ÖYKÜ
Giriş Tarihi : 26-12-2022 18:51   Güncelleme : 30-12-2022 20:56

Harmandalı

Yazan: Özlem Çallı -HARMANDALI

Harmandalı

HARMANDALI
 
Tüm salon sessiz, çıt çıkmıyor! 

Adımlarını yavaş yavaş atarak geliyor yüzyılın delikanlısı Efe! Tüm heybetiyle. Kafasının içinde milyon tane düşünce var Efe’nin. Çocukluğunda dünyasını güzelleştiren oyuncaklarını hatırlıyor, çaputtan, tahtadan, kabaktan, telden oyuncukları. Tozlu, sisli köy topraklarını maviye dönüştüren mucizelerini.

Geliyor Efe’m, harmandalıya...

Kollarını kaldırıyor yine yavaştan. Yavaş ama cesurca. Namlusu sanki tüm salona ateşler saçıyor. Yine ağır ağır devam ediyor harmandalıya.

Birden gidiyor gençliğine. Deli yürek olduğu vakitlere.
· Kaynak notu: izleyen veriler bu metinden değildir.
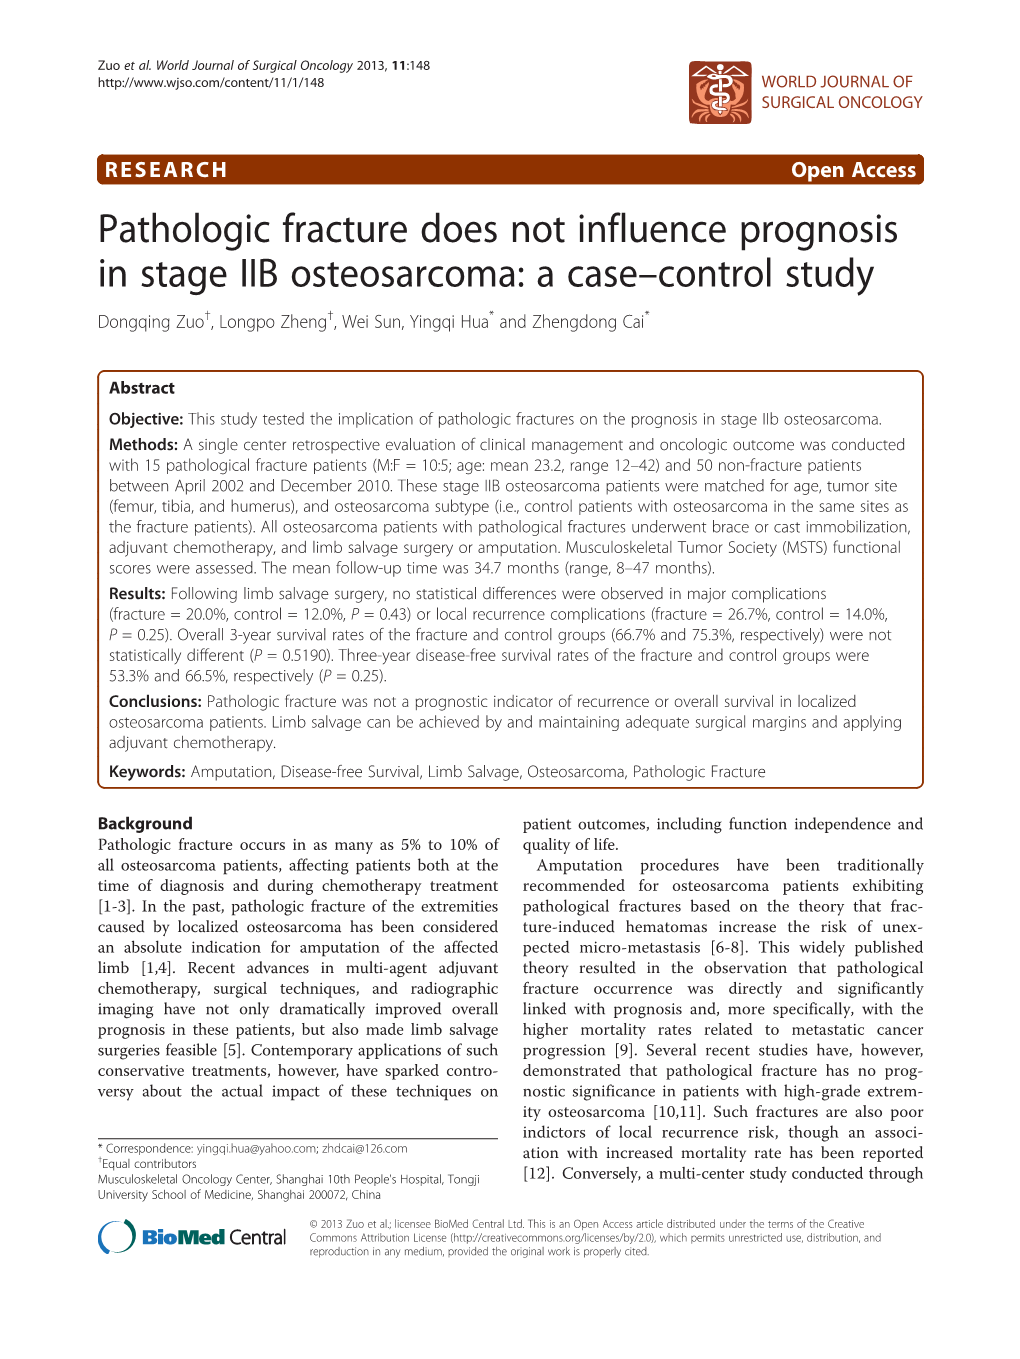 Pathologic Fracture Does Not Influence Prognosis in Stage IIB Osteosarcoma: a Case–Control Study Dongqing Zuo†, Longpo Zheng†, Wei Sun, Yingqi Hua* and Zhengdong Cai*

Zengin ağanın köyü istila edip gölünü, balıklarını, ekmeklerini almasını hatırlıyor. Günlerce dağlarda pusu kurup nöbetleşe arkadaşlarıyla verdikleri mücadeleyi hatırlıyor Efe. Yılmadan, usanmadan, bıkmadan! Bir adım daha atıyor, devam ediyor dansına/oyununa yani harmandalıya...

Geliyor o en derinden, insanı can evinden vuran yerine -harmandalının kalbine- ağıt bölümüne...

Birden unutuyor bir sonraki adımda ne yapacağını. Zaman duruyor. Tahtadan yürütecin yokuştan aşağı inerken bir bacağının kırılmasını; göl için verdikleri mücadelede kardeşinin, Salim’inin bacağının koptuğu o dehşet sahneyi hatırlıyor.

Sonra, yine adımlarını atması gerektiğini hatırlıyor Efe. Bir gayretle tamamlaması artık dansını/oyununu. Toparlıyor kendini Efe, çekip alıyor kalbini ağıttan.

Adımını tekrar atıyor tüm heybetiyle. Bütün gücüyle dizini yere vuruyor yüzyılın delikanlısı Efe. Tüm salon ayakta o anda. İzleyenlerin gözü bi tek onda. Duygular şaha kalkıyor, bilinmez bir tılsım tüm salona hakim oluyor...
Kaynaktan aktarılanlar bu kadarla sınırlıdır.